Una de las críticas más señaladas a la Iglesia y que con más persistencia se ha mantenido en el tiempo ha sido su alianza con el poder, algo que podría parecer normal si no entrasen en el catálogo tanto la “comprensión” de los tiranos como el pacto con ellos, algunos verdaderos genocidas. Y no es por aquello de “todo poder viene de Dios” de San Pablo, sino por pura conveniencia o provecho.

Si ahora giramos la vista hacia la naturaleza, ¿quién, sino la Iglesia, justificó con palabras bíblicas esquilmar los recursos naturales, maltratar a los animales, consumir y hasta casi extinguir especies por aquello de que todo ha de servir al hombre? Con visión edulcorante sin efecto alguno, también salió por peteneras el papa Francisco con “Laudato sì”. Tarde y fuera de su propio contexto se hizo la Iglesia ecologista.

En nuestro presente cercano, encontramos de nuevo a la Iglesia enfrentándose a todo lo que suponga conflicto con la vida que Dios nos dio: la lucha contra el SIDA, el control de la natalidad, la interrupción legal del embarazo, la eutanasia humanitaria y temas relacionados.
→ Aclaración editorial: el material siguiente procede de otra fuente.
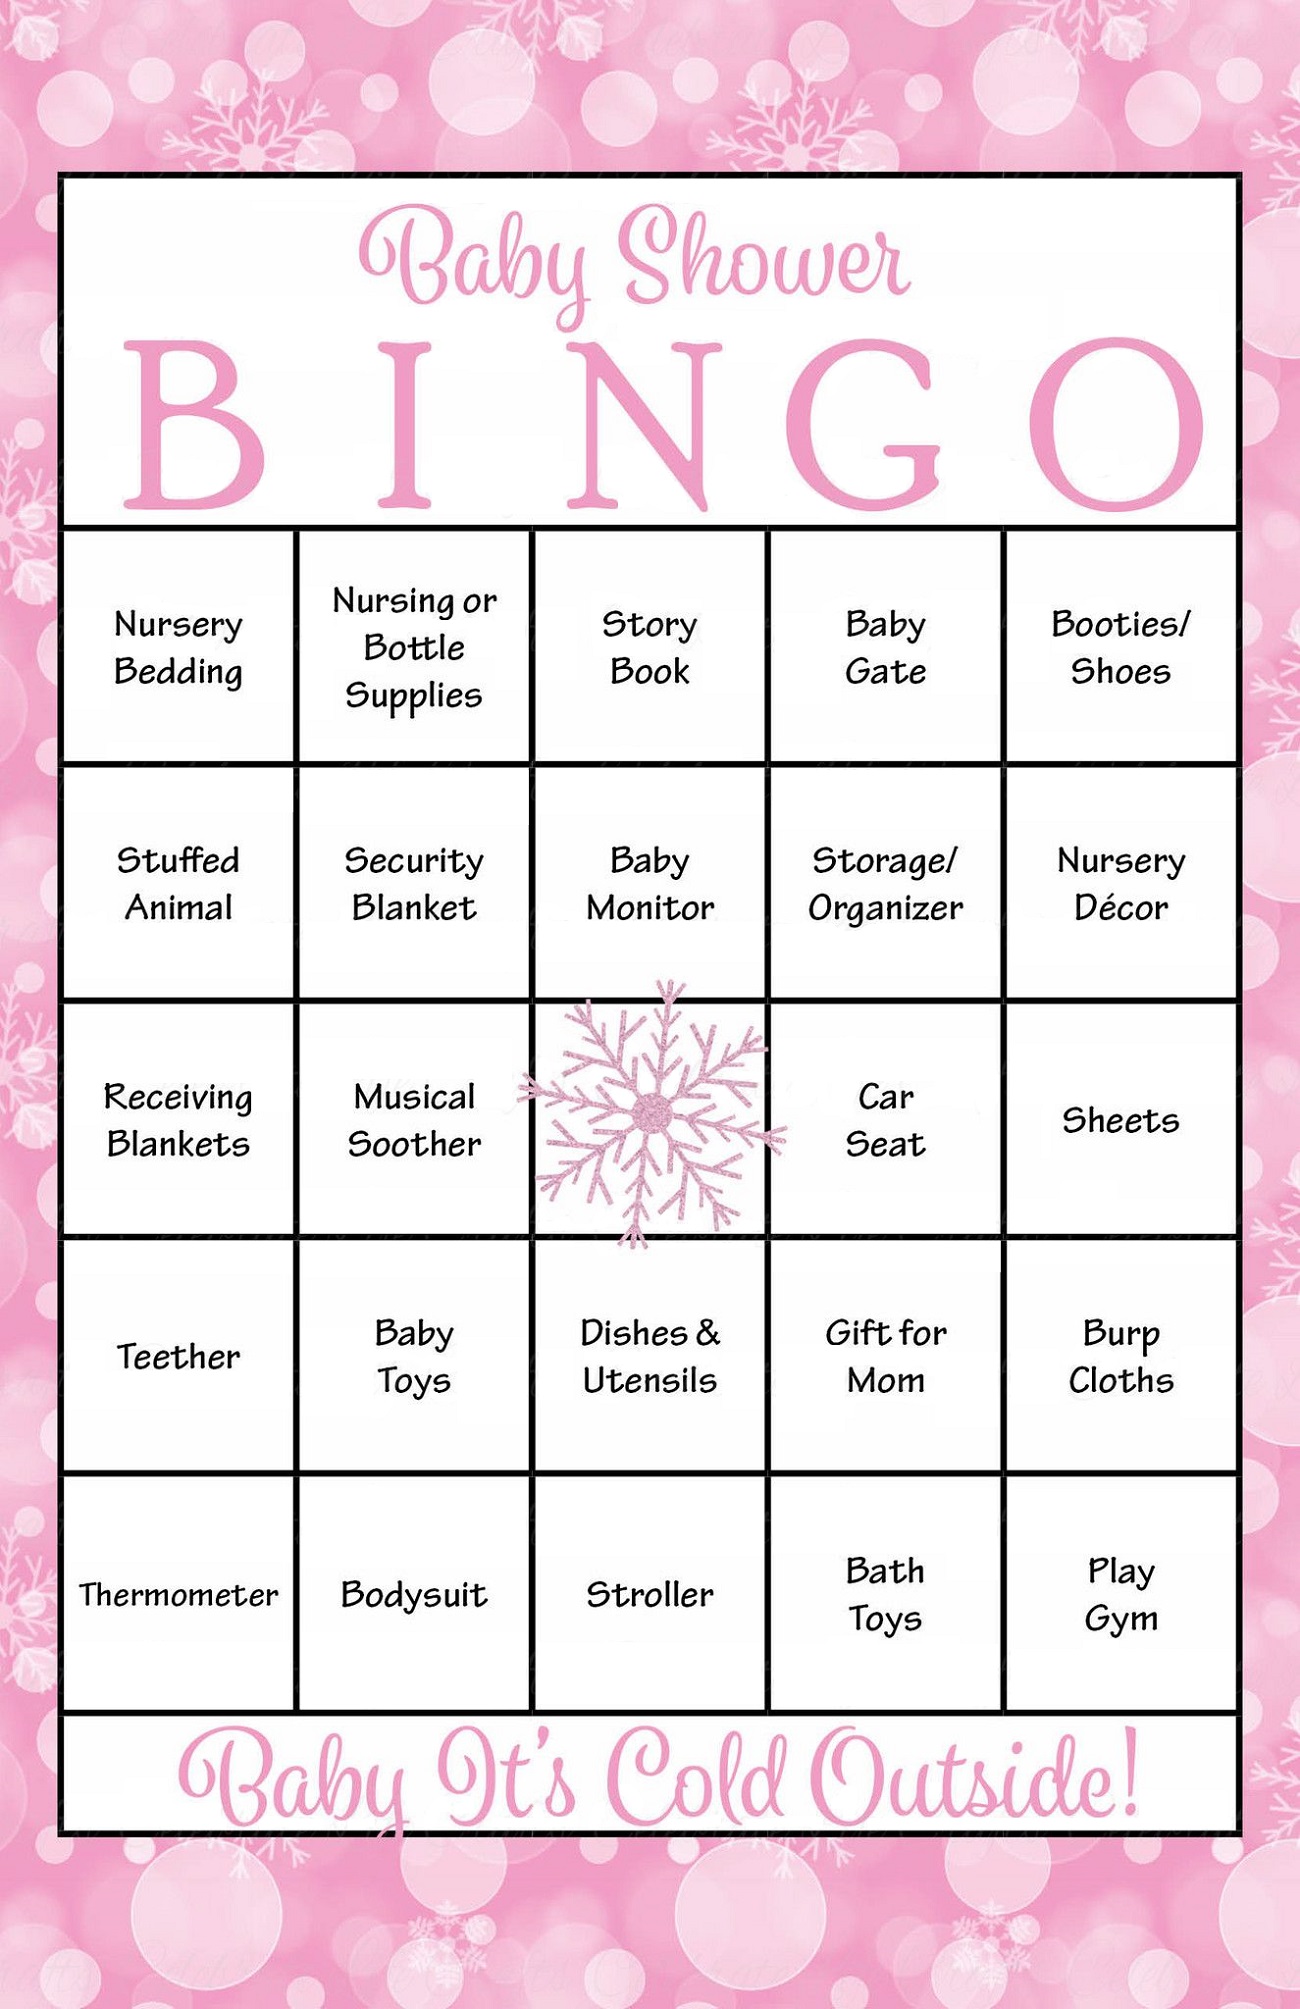 Bingo Baby Shower Games To Print

De cada uno de los apartados anteriores hay sobrada literatura como para hacerse uno el loco diciendo que eso son minucias a veces sin fundamento y erigiendo como parapeto el gran beneficio que la Iglesia ha procurado a las conciencias. Pues no, todo lo dicho es algo que la Iglesia no ha podido ni puede ocultar. Y en la consideración de todo ello, ¿cómo puede alguien adherirse a tal sociedad sin hacerse también reo del pasado y del presente?